La Russia esce dal conflitto
Mentre il trattato si delineava, le truppe tedesche iniziarono ad avanzare ad est occupando Borisov, Dorpat e Narva sul Baltico, il 2 marzo l’esercito tedesco entrò a Kiev, mentre più a nord parevano decisi ad entrare a Pietrogrado. In due settimane, senza quasi incontrare resistenza, i tedeschi catturarono 63.000 soldati russi, 2600 pezzi d’artiglieria e 5000 mitragliatrici, armi molto utili per la campagna ad occidente. Alle 17 del 3 marzo il trattato di pace venne firmato, i russi rinunciavano a tutte le pretese sulle provincie baltiche, sulla Polonia, la Russia Bianca, la Finlandia, la Bessarabia, l’Ucraina e il Caucaso perdendo così un terzo della popolazione dell’anteguerra, un terzo delle terre arabili e nove decimi delle miniere di carbone.

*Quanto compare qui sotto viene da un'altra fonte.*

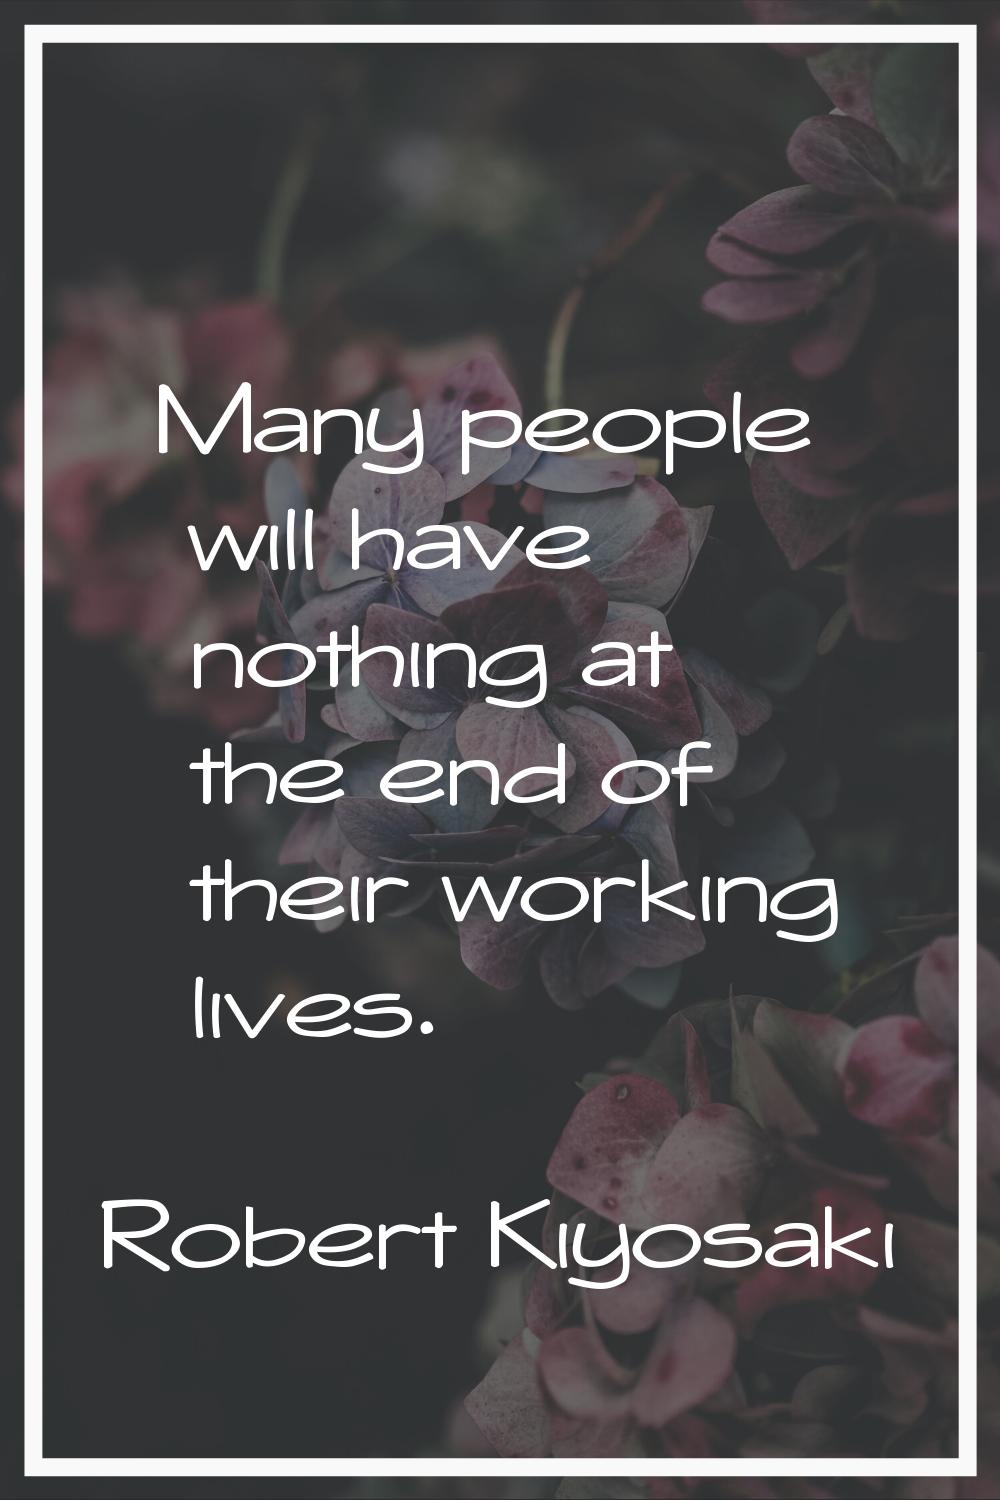 Many people will have nothing at the end of their working lives.

Dovettero inoltre cedere tutte le basi del Baltico, eccetto Kronštadt, le navi da guerra del Mar Nero di stanza a Odessa e a Nikolajev dovettero essere disarmate e 630.000 prigionieri austriaci furono liberati. La guerra ad oriente era finita, la Russia non era più in guerra: il conflitto su due fronti, fin dal 1914 incubo per la Germania e l’Austria-Ungheria, non esisteva più. La Germania trasferì così tutto il potenziale a occidente, compreso tutto l’armamentario conquistato durante l’avanzata in Russia precedente la firma del trattato, avanzata che aveva lo scopo di mettere pressione al governo bolscevico e indurlo a firmare.
Il 21 marzo Ludendorff sferrò una grande offensiva ad occidente che, in caso di successo, avrebbe consentito alla Germania di vincere la guerra. Ludendorff sferrò una serie di tre offensive per cercare di spezzare la resistenza Alleata.